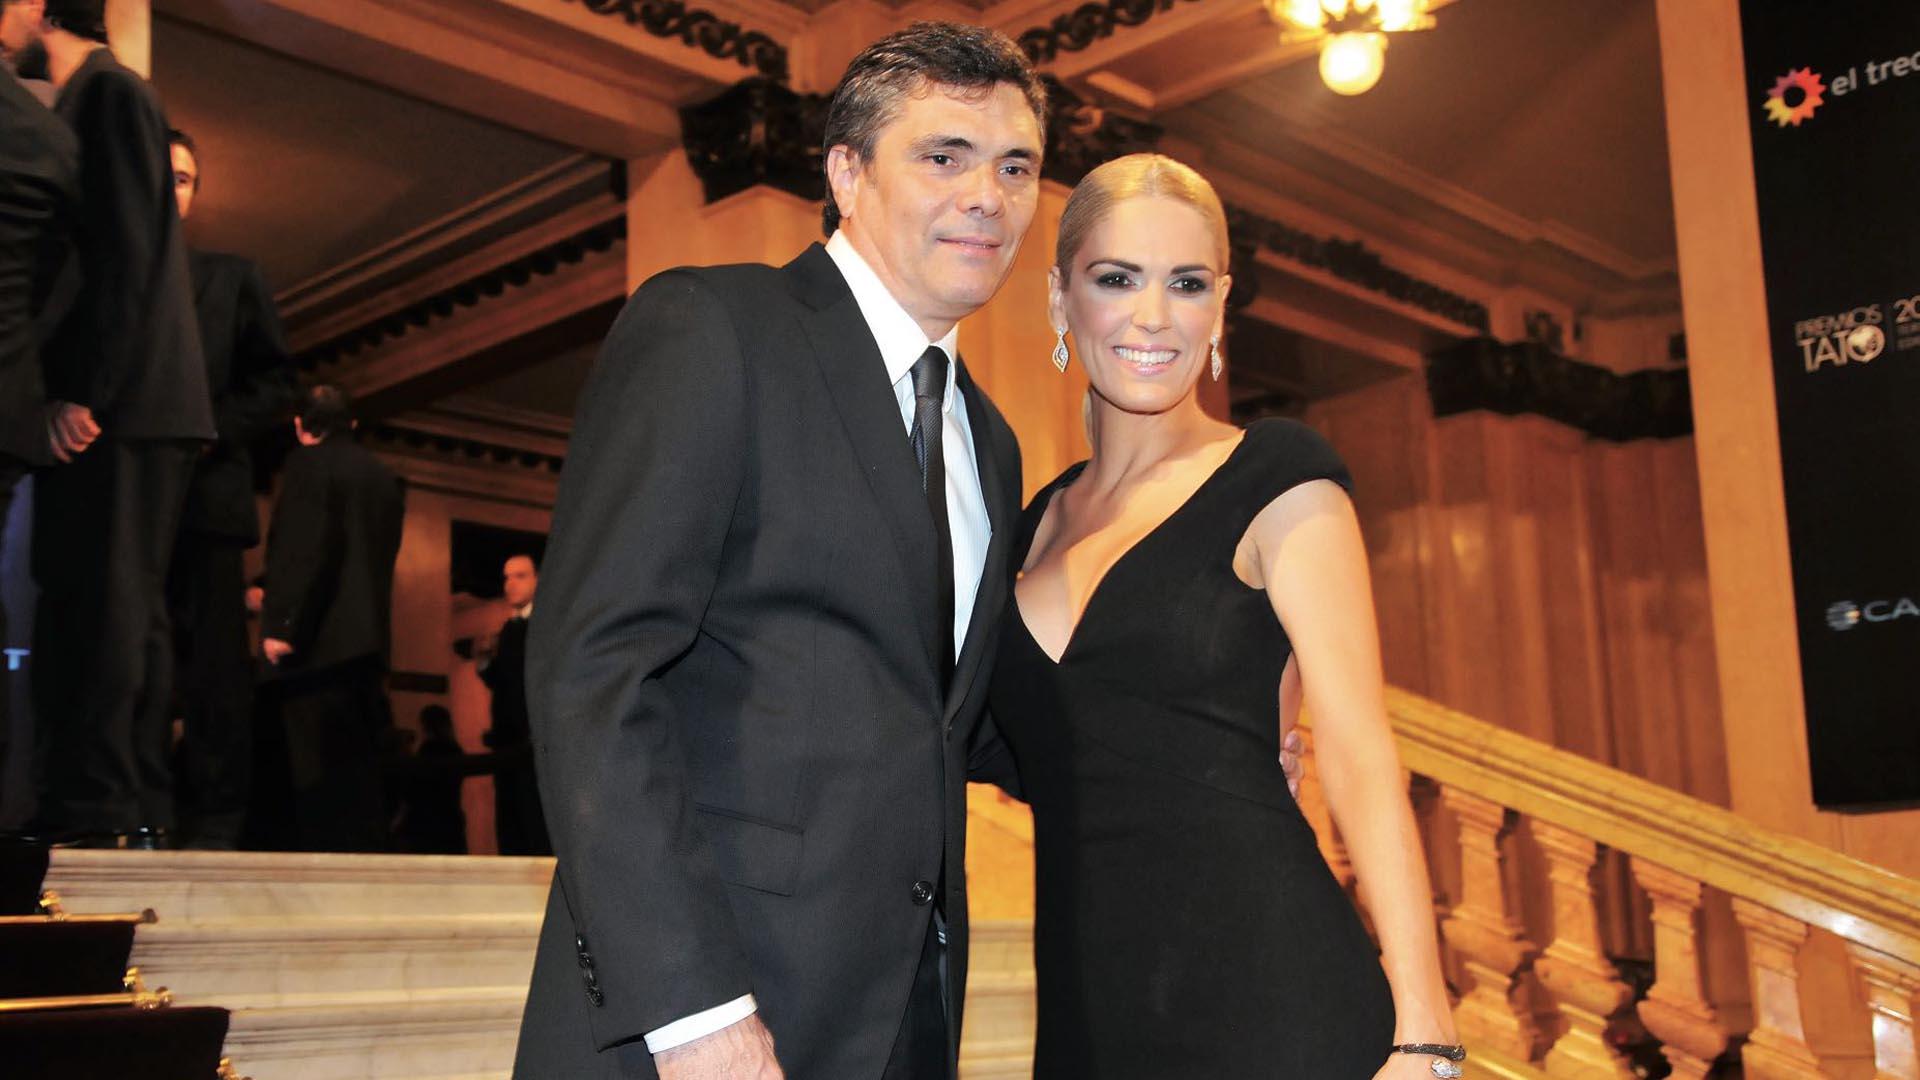 """Viviana Canosa se reconcilió con Alejandro Borensztein. Ellos se divorciaron el año pasado, pero volvieron a darse una oportunidad desde hace un mes y medio. """"Estamos felices"""", dijo la conductora"""
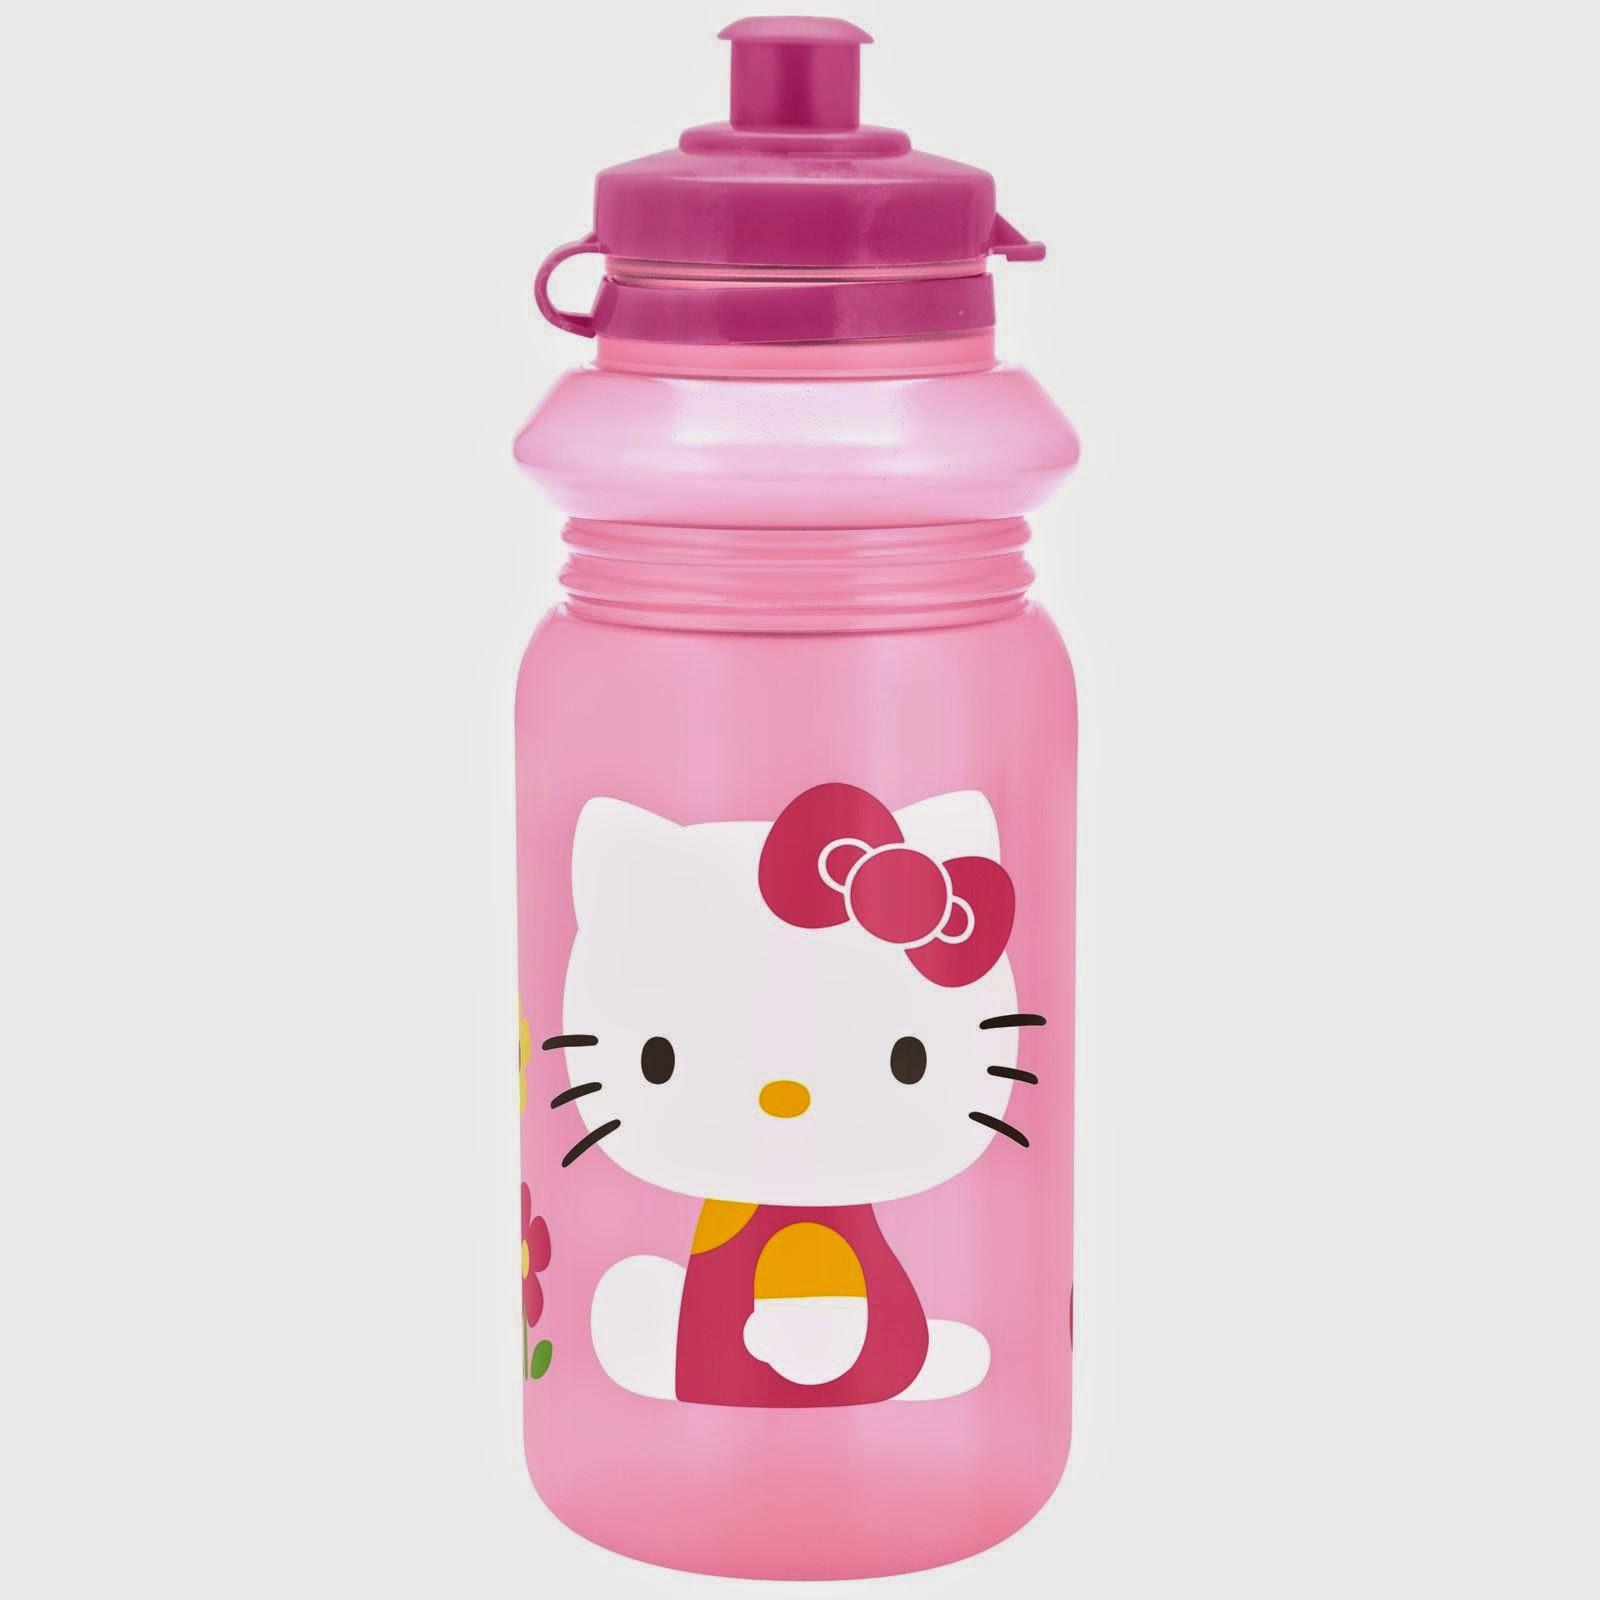 Gambar botol minum hello kitty untuk anak
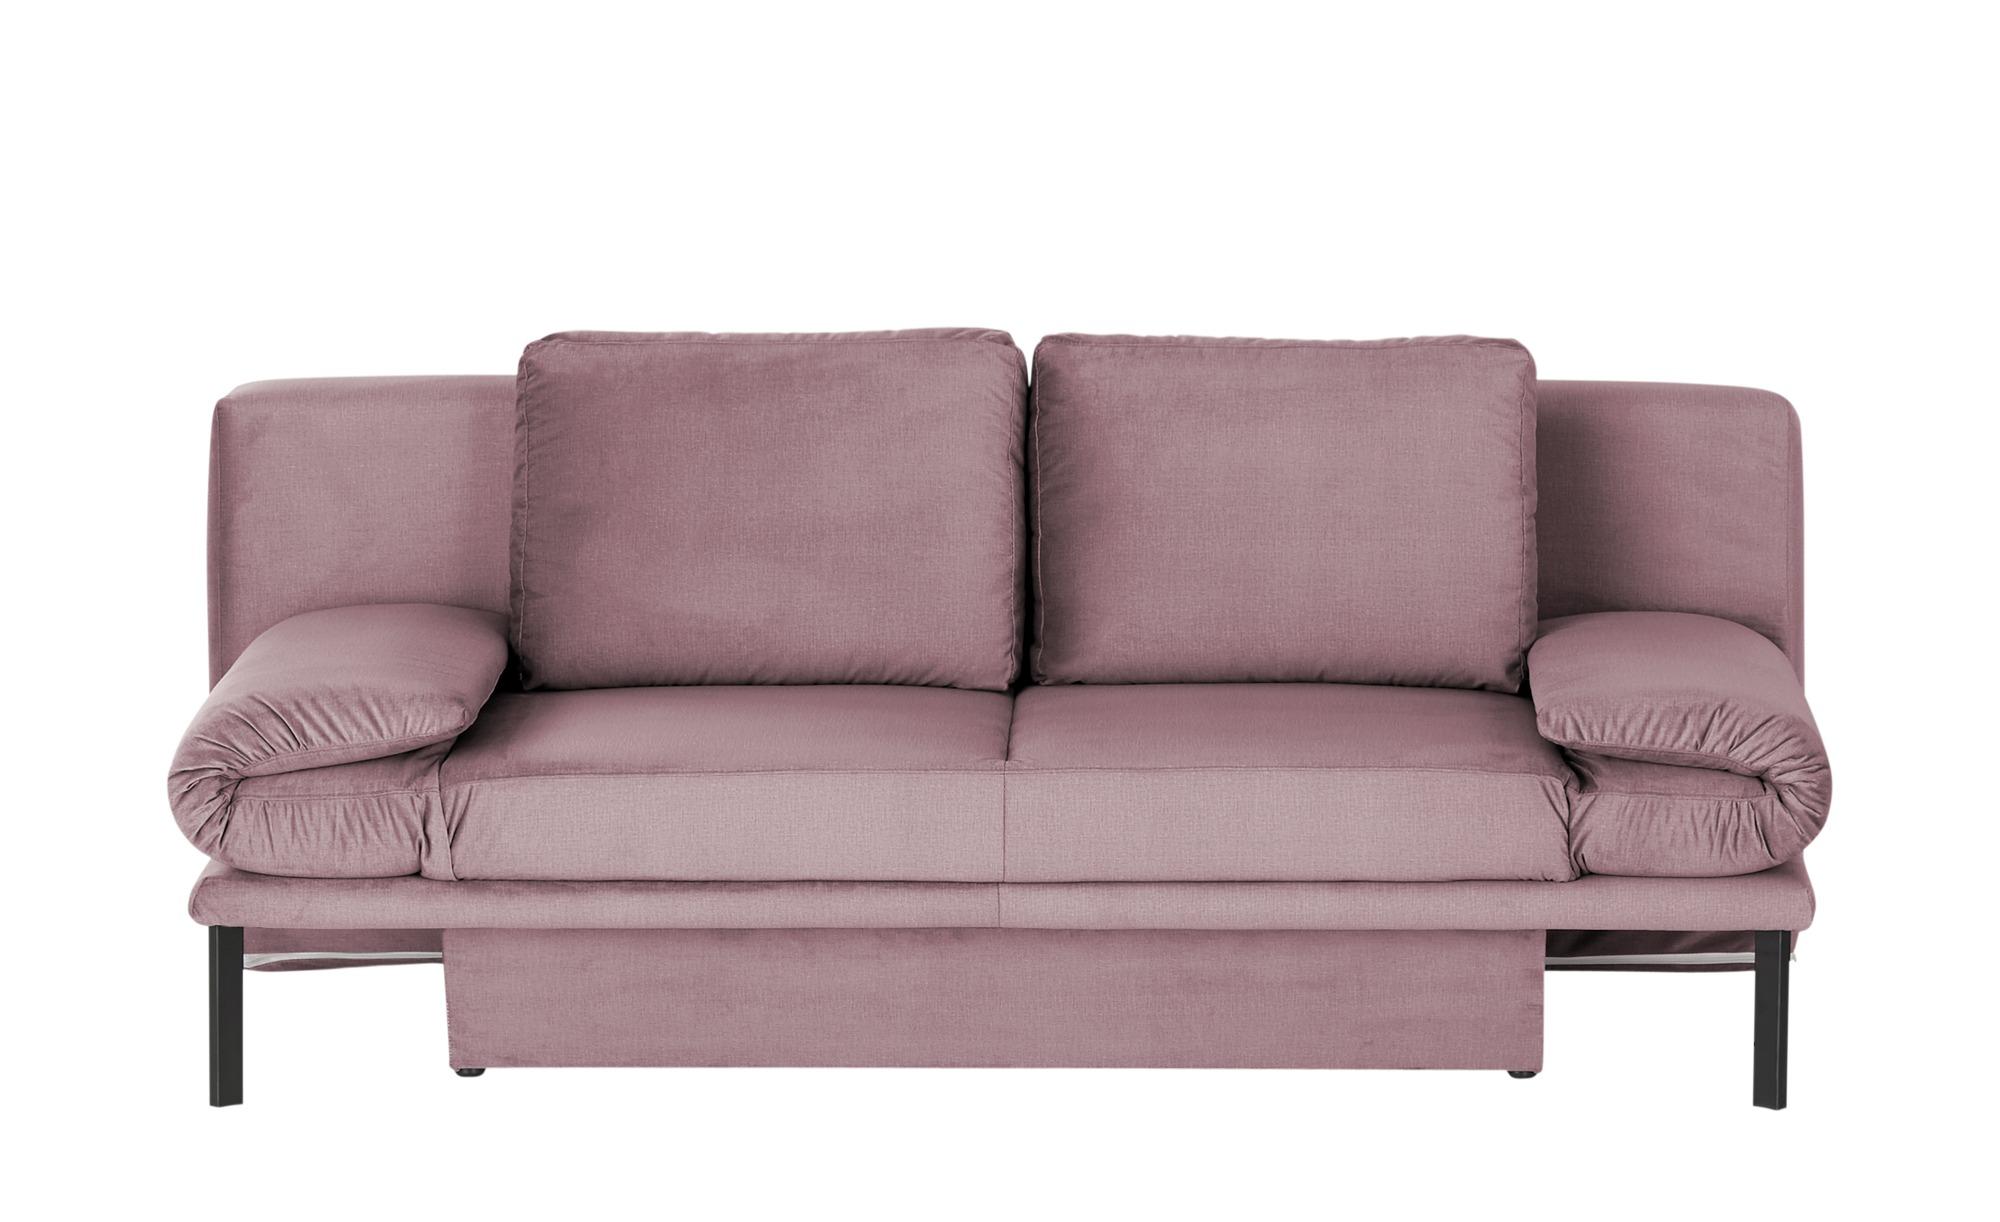 Querschläfer  Fancy ¦ rosa/pink ¦ Maße (cm): B: 206 H: 85 T: 99 Polstermöbel > Sofas > Einzelsofas - Höffner

(WHAT TO DO)
Output every line above exactly as it stands, and drop any picture.

(ANSWER SPACE)
 """Viviana Canosa se reconcilió con Alejandro Borensztein. Ellos se divorciaron el año pasado, pero volvieron a darse una oportunidad desde hace un mes y medio. """"Estamos felices"""", dijo la conductora"""
 Gambar botol minum hello kitty untuk anak
 Querschläfer  Fancy ¦ rosa/pink ¦ Maße (cm): B: 206 H: 85 T: 99 Polstermöbel > Sofas > Einzelsofas - Höffner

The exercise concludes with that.